Latent Interactive A2C for Improved RL in Open Many-Agent Systems
- URL: http://arxiv.org/abs/2305.05159v1
- Date: Tue, 9 May 2023 04:03:40 GMT
- Title: Latent Interactive A2C for Improved RL in Open Many-Agent Systems
- Authors: Keyang He, Prashant Doshi, Bikramjit Banerjee
- Abstract summary: Interactive advantage actor critic (IA2C) engages in decentralized training and decentralized execution.
We present the latent IA2C that utilizes an encoder-decoder architecture to learn a latent representation of the hidden state and other agents' actions.
Our experiments in two domains -- each populated by many agents -- reveal that the latent IA2C significantly improves sample efficiency by reducing variance and converging faster.

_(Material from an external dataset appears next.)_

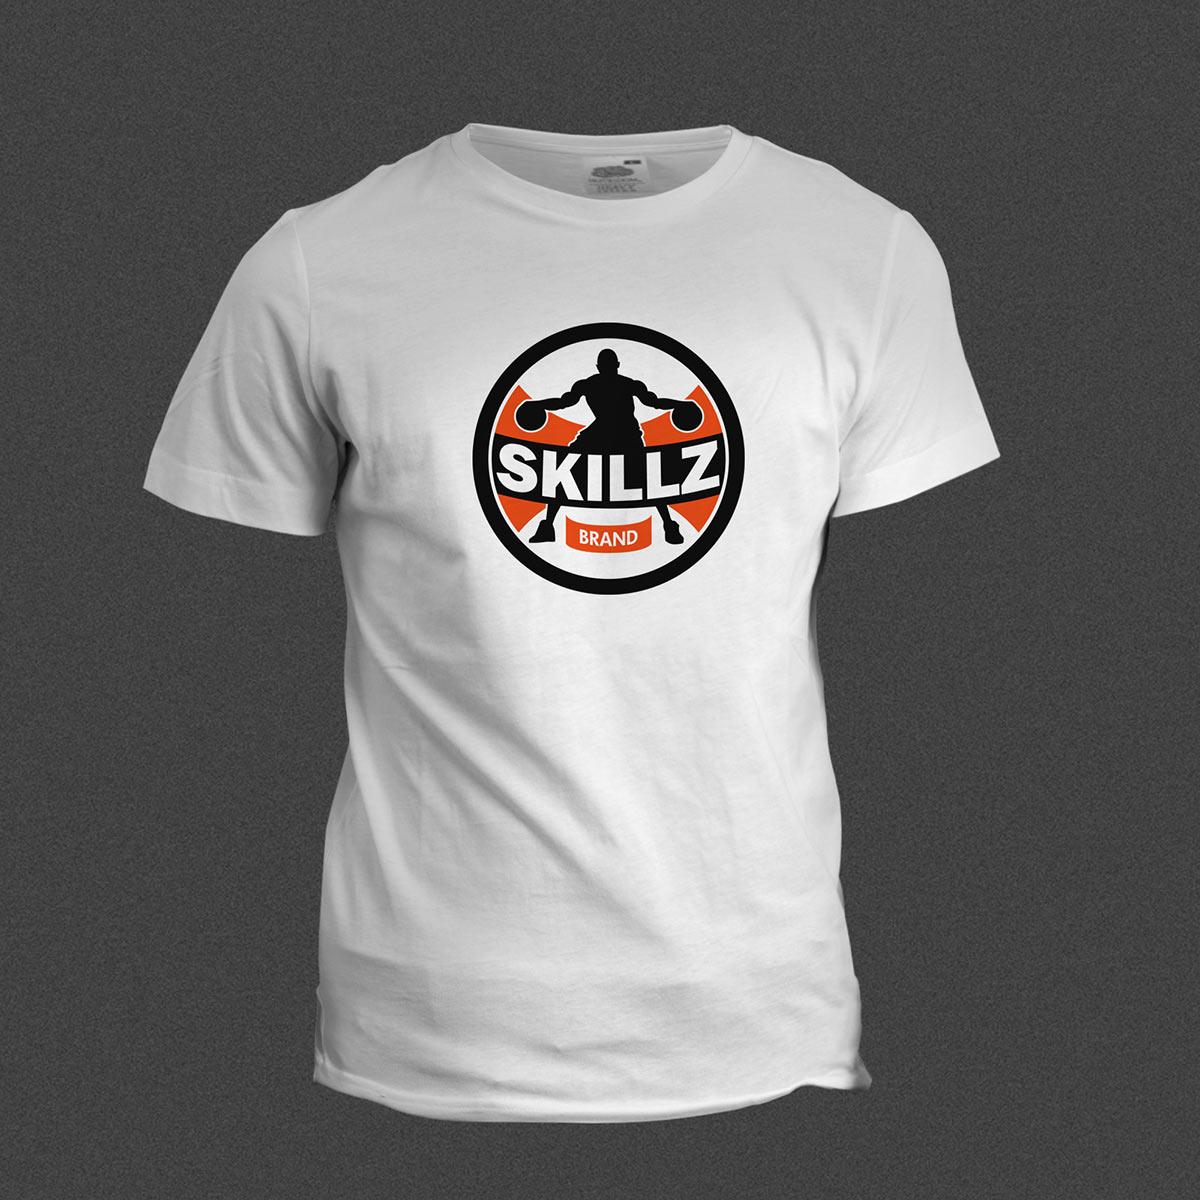 logo_skillz_brand_presentation06

- Score: 12.41853254173419
- License: http://arxiv.org/licenses/nonexclusive-distrib/1.0/
- Abstract: There is a prevalence of multiagent reinforcement learning (MARL) methods
that engage in centralized training. But, these methods involve obtaining
various types of information from the other agents, which may not be feasible
in competitive or adversarial settings. A recent method, the interactive
advantage actor critic (IA2C), engages in decentralized training coupled with
decentralized execution, aiming to predict the other agents' actions from
possibly noisy observations. In this paper, we present the latent IA2C that
utilizes an encoder-decoder architecture to learn a latent representation of
the hidden state and other agents' actions. Our experiments in two domains --
each populated by many agents -- reveal that the latent IA2C significantly
improves sample efficiency by reducing variance and converging faster.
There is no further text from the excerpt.